A new Biobrick device: Mitochondrial proteorhodopsin (humanized genetic code bias)
Partsregistry submission:
BBa_K603000 (pSB1AC3)
BBa_K603001 (pSB1C3)



As we can see from the pictures taken by fluorescence microscope, transient expression of mitochondrial proteorhodopsin (mPR) and GFP genes in human embryonic kidney cells HEK293 is obviously related to the light exposure. In the dark (None) GFP expression rate is lower than the weak light exposure (weak) . The flow cytometry result also shows that the light exposure increased level of transient GFP expression ( accumulative green fluorescence is intensity 195.84) in HEK293 cells co-transfected with mPR and GFP expression vectors compared with no light exposure (168.23). The culture condition is nutrient-poor, therefore energy harvest from light is positively correlated to GFP expression.

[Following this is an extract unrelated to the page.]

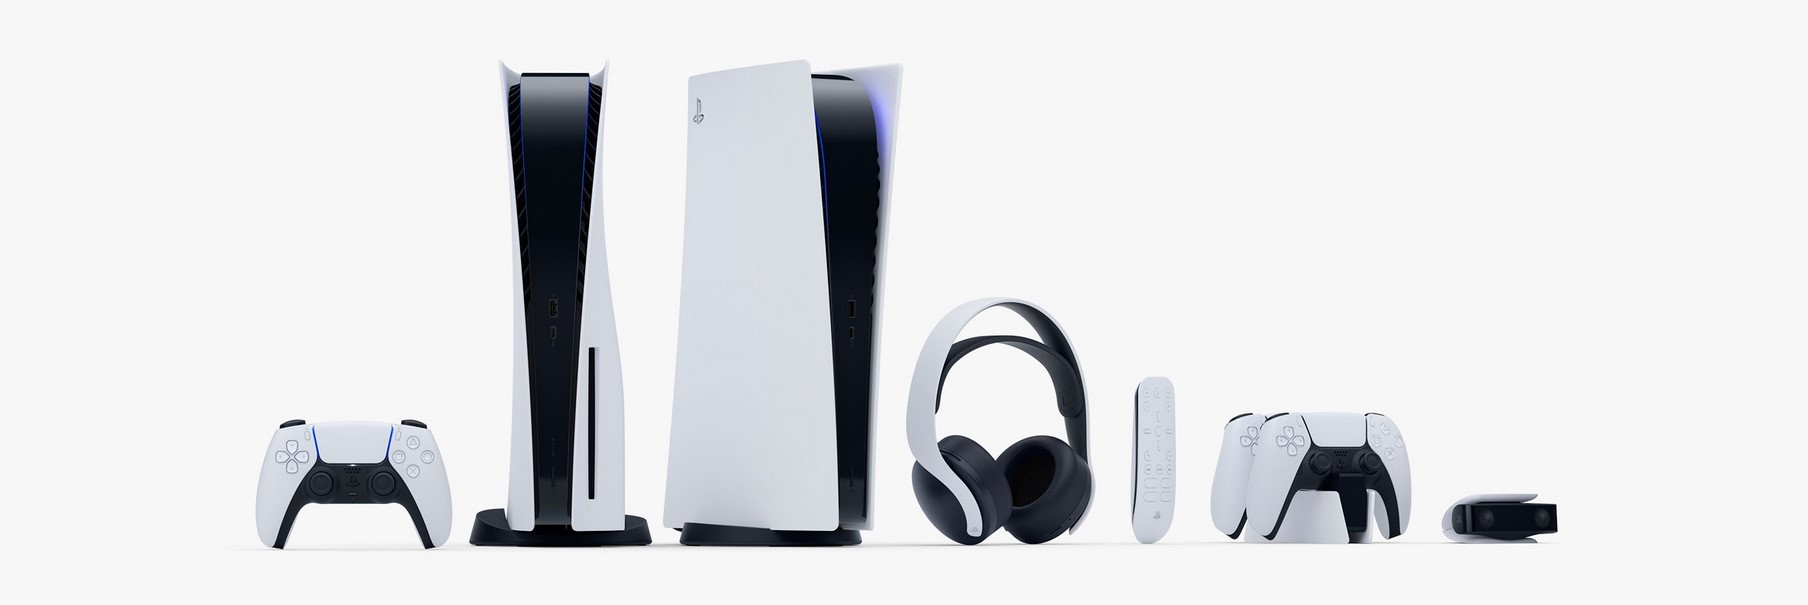 Sony está cerca de presentar unos auriculares con un diseño muy extraño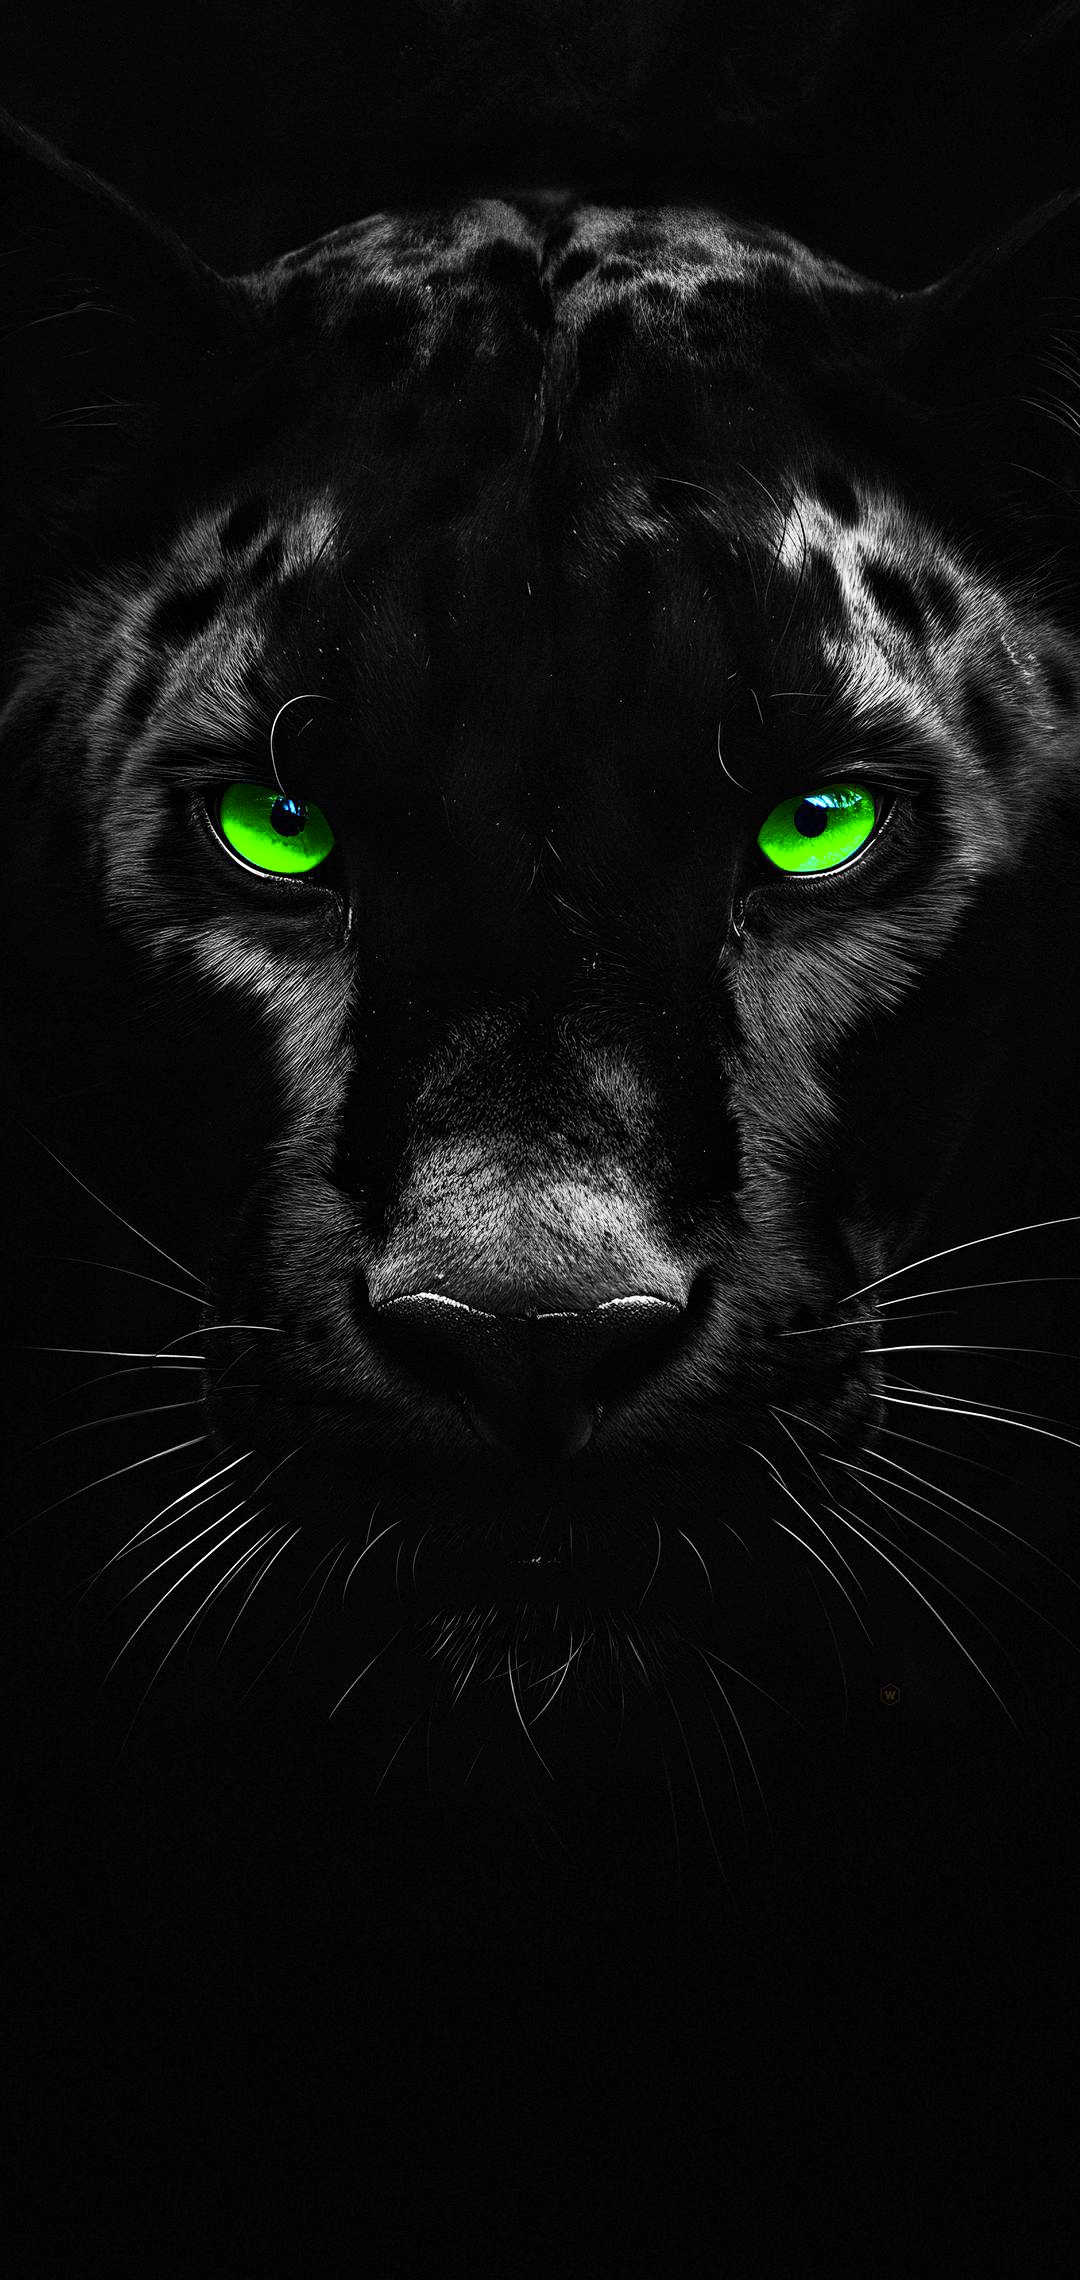 Black Panther Wallpaper Images - Free Download on Freepik

The graph above shows that the amount of surviving cells is related to the change of Vitamin C (VitC) concentration. When the fold of dilution of Vit C is zero , the amount of surviving cells is relatively high (probably due to Vitamin C poor solubility). However, with the growth of fold of dilution, the number of surviving cells declines, because high concentration of VitC makes media acidic which can do harm to cells. When the fold of dilution comes to two, the cells are weakest. When higher than 2 fold of diluton, the VitC contributes the growth of amount of surviving cells. The higher the fold of dilution of VitC before seven, the higher the amount of surviving cells was. After the seven fold of dilution of VitC, the amount of surviving cells will decrease due to too low Vit C concentration.